Dataset section:
☆ ☆ ☆ ☆
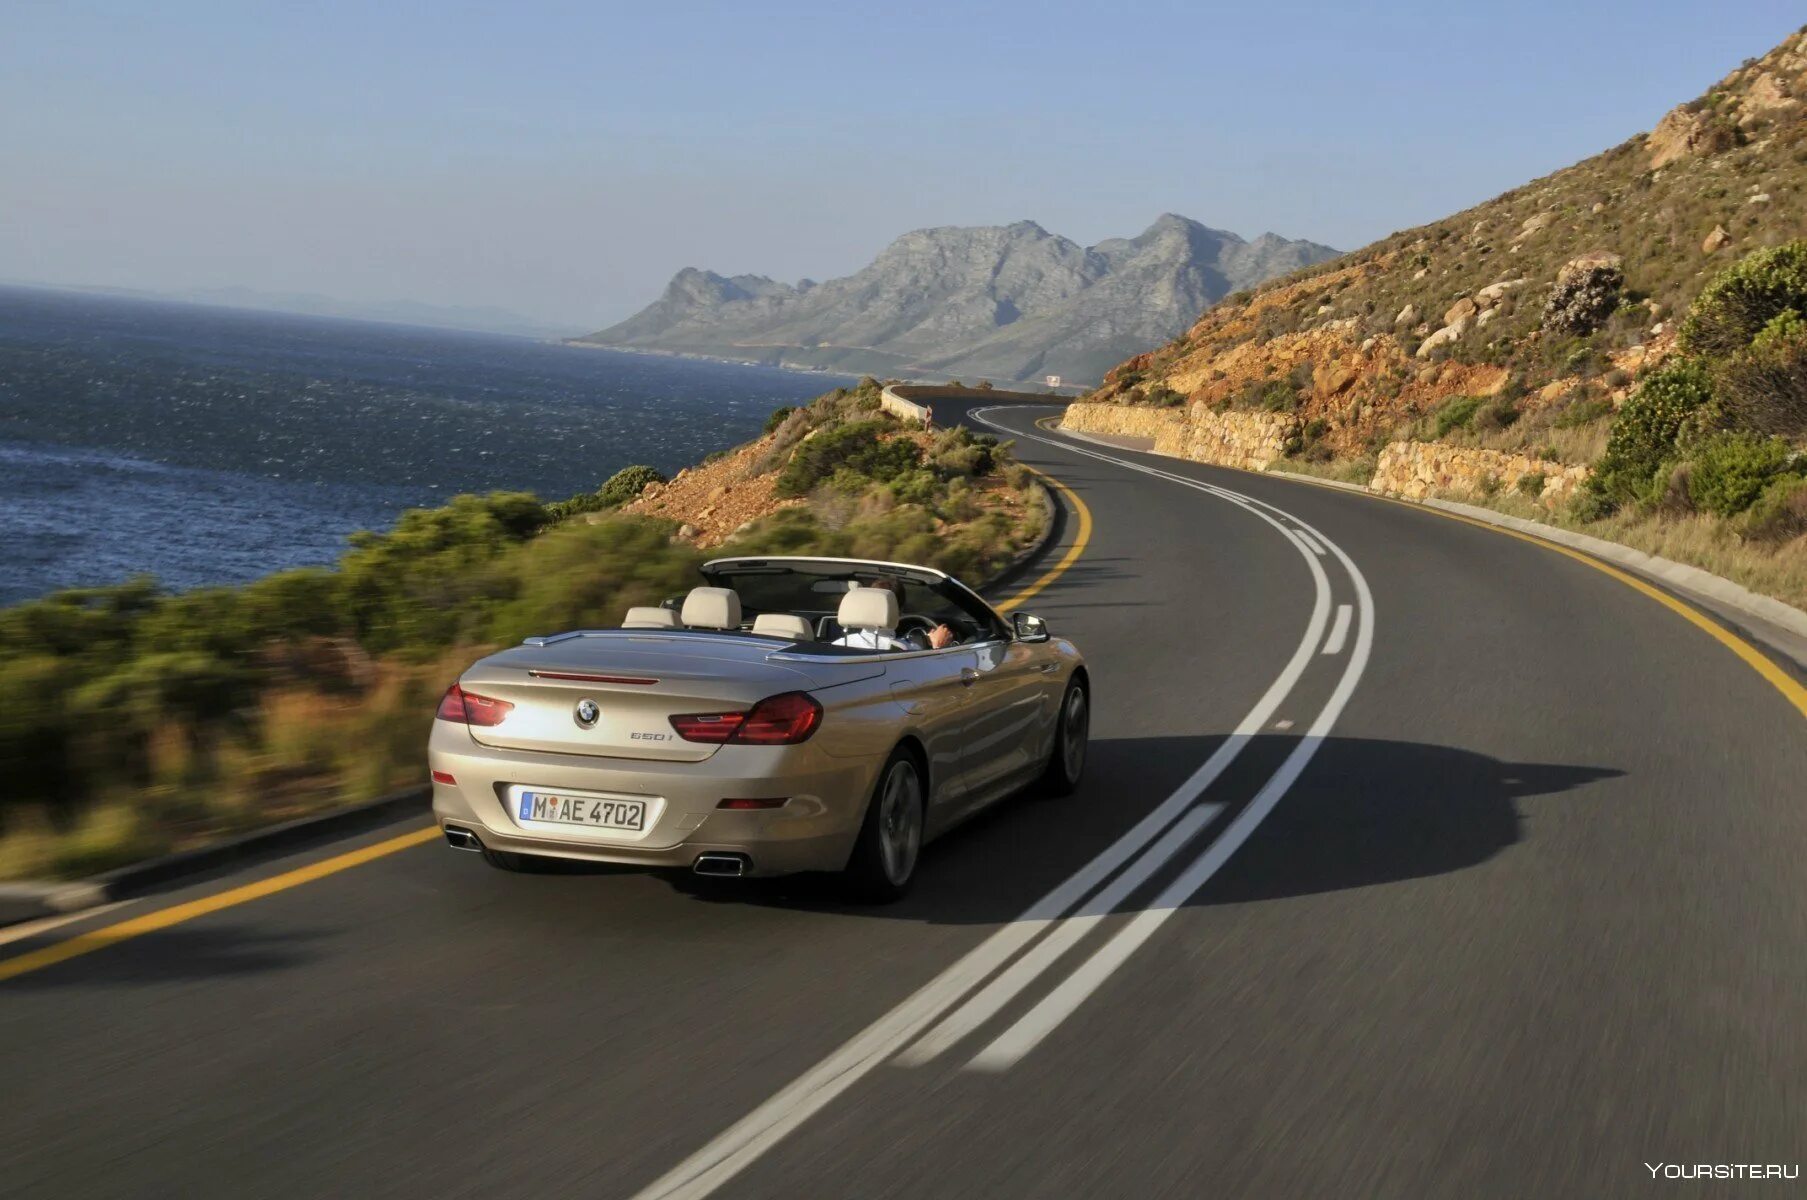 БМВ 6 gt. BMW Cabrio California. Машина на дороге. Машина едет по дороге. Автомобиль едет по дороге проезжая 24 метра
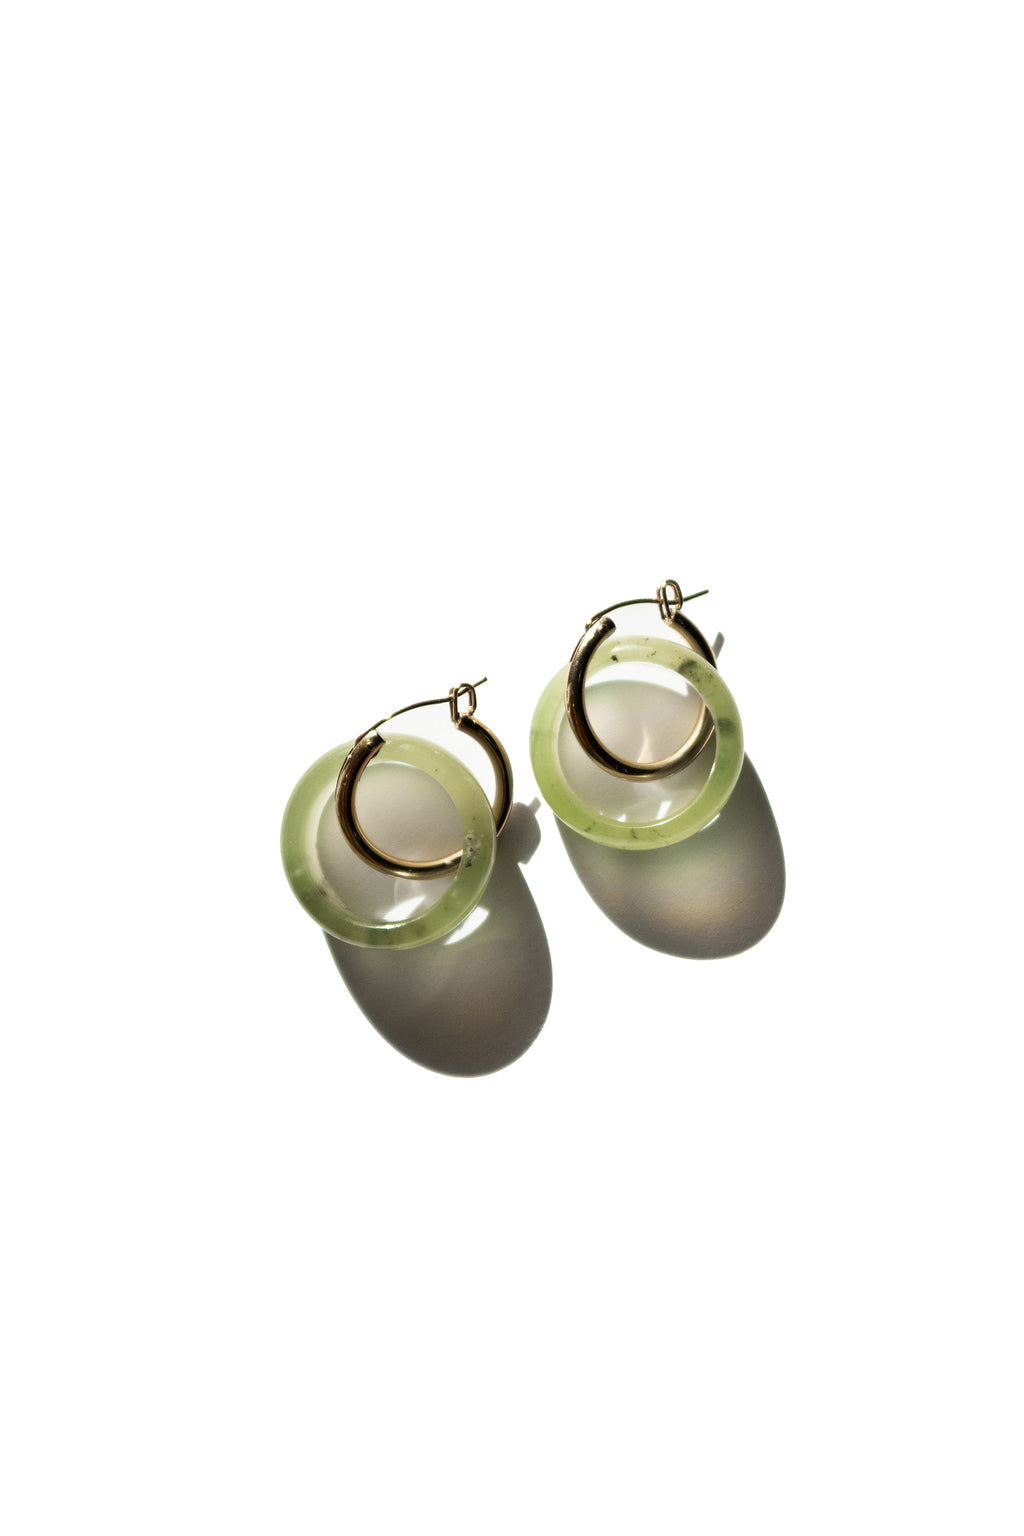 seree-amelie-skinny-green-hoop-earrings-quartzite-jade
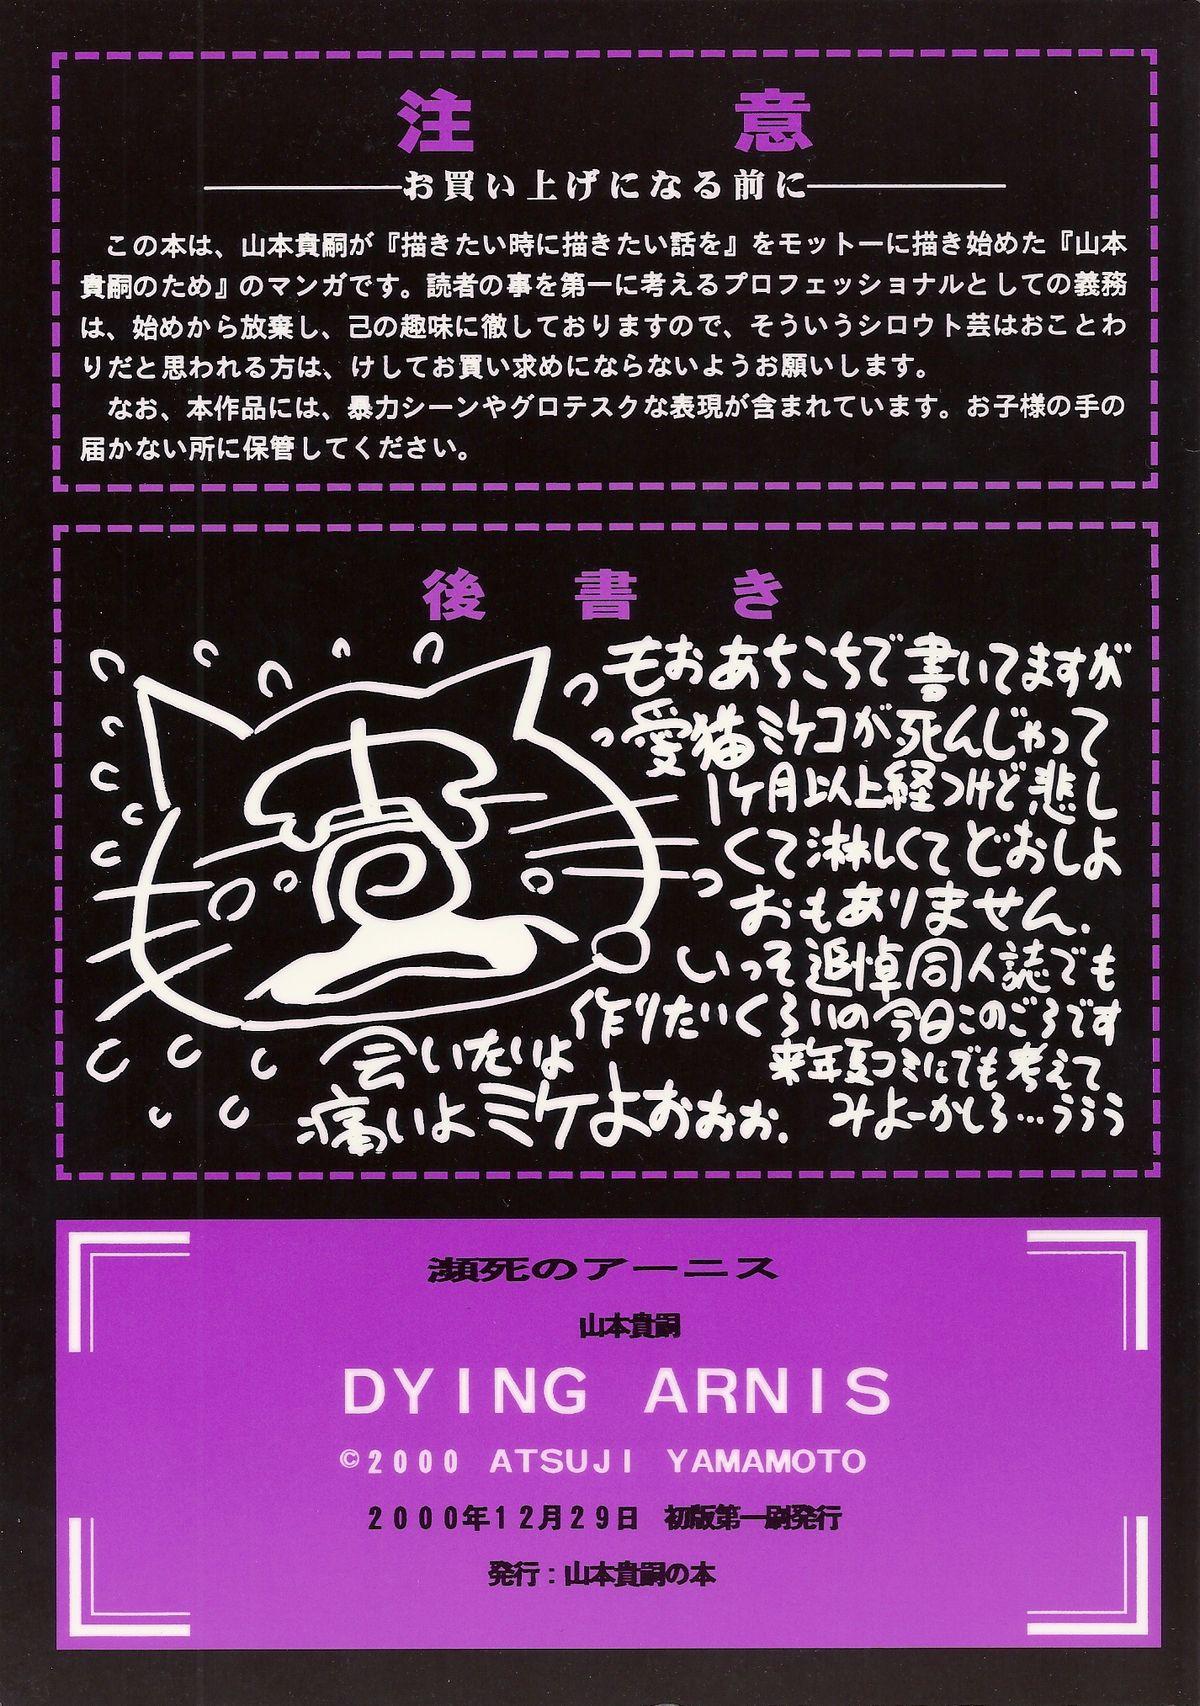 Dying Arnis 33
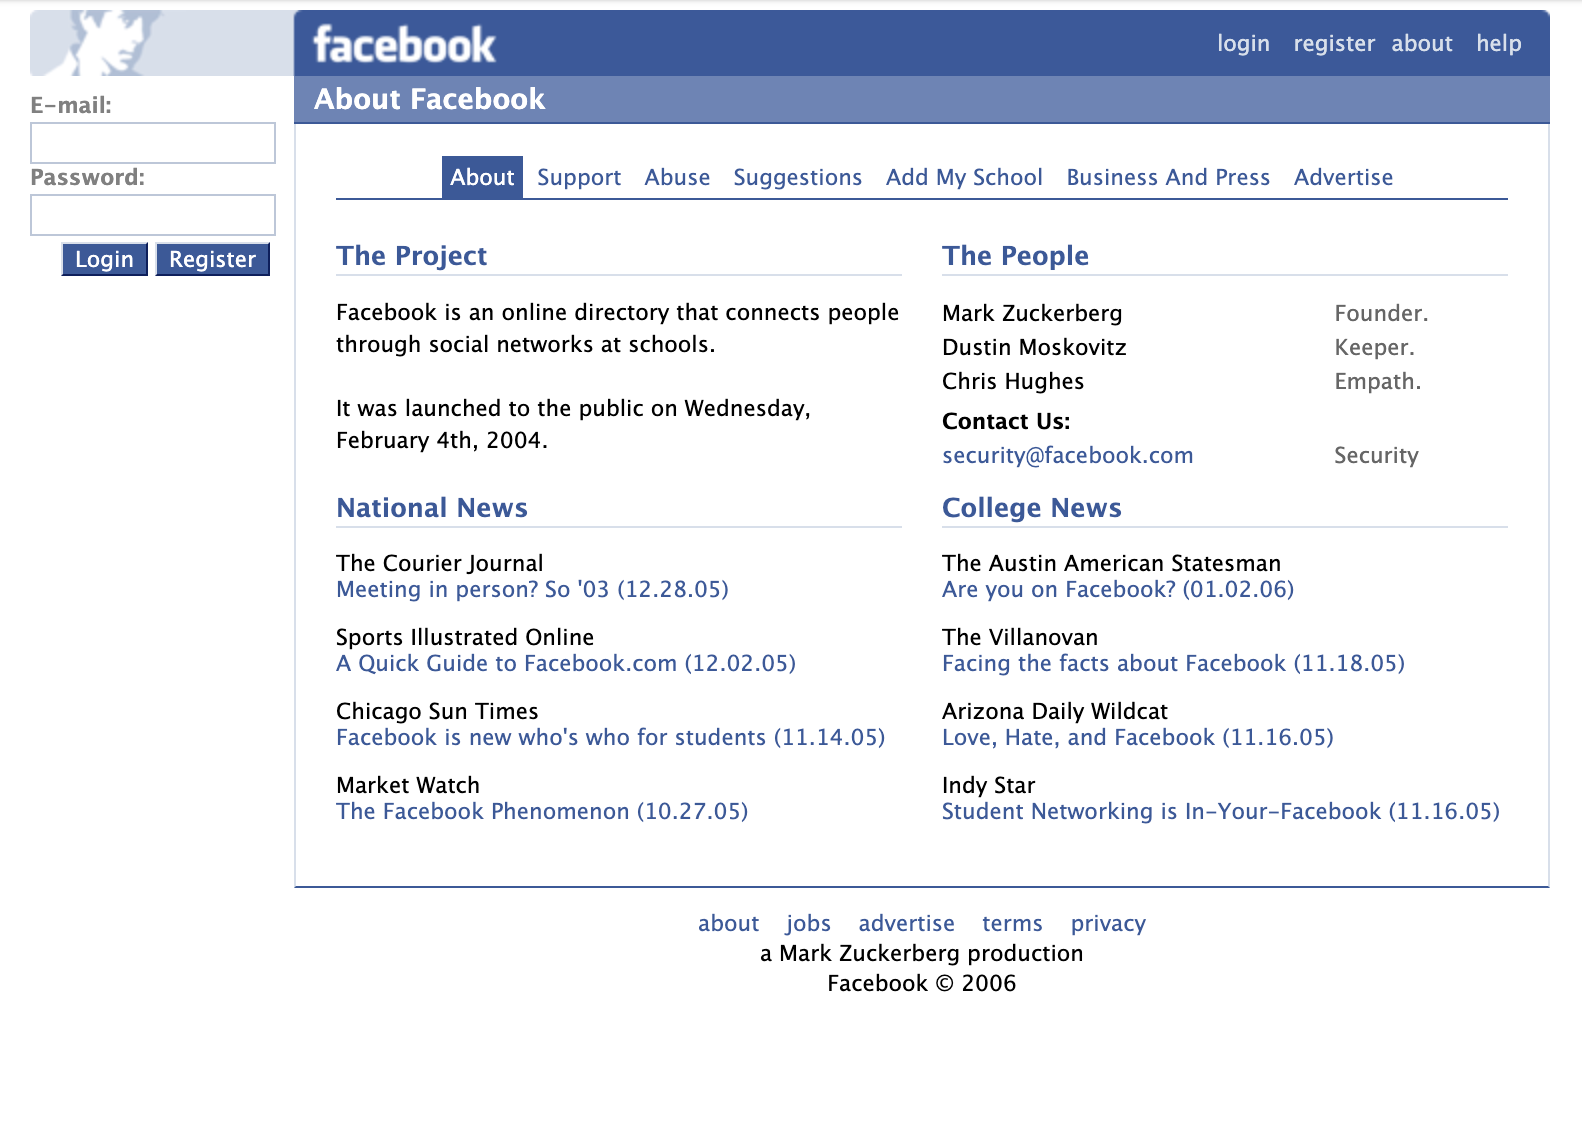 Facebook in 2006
☆ ☆ ☆ ☆
Brief: Without the pictures, repeat the listing word for word.

Answer:
 БМВ 6 gt. BMW Cabrio California. Машина на дороге. Машина едет по дороге. Автомобиль едет по дороге проезжая 24 метра
 seree-amelie-skinny-green-hoop-earrings-quartzite-jade
 Dying Arnis 33
 Facebook in 2006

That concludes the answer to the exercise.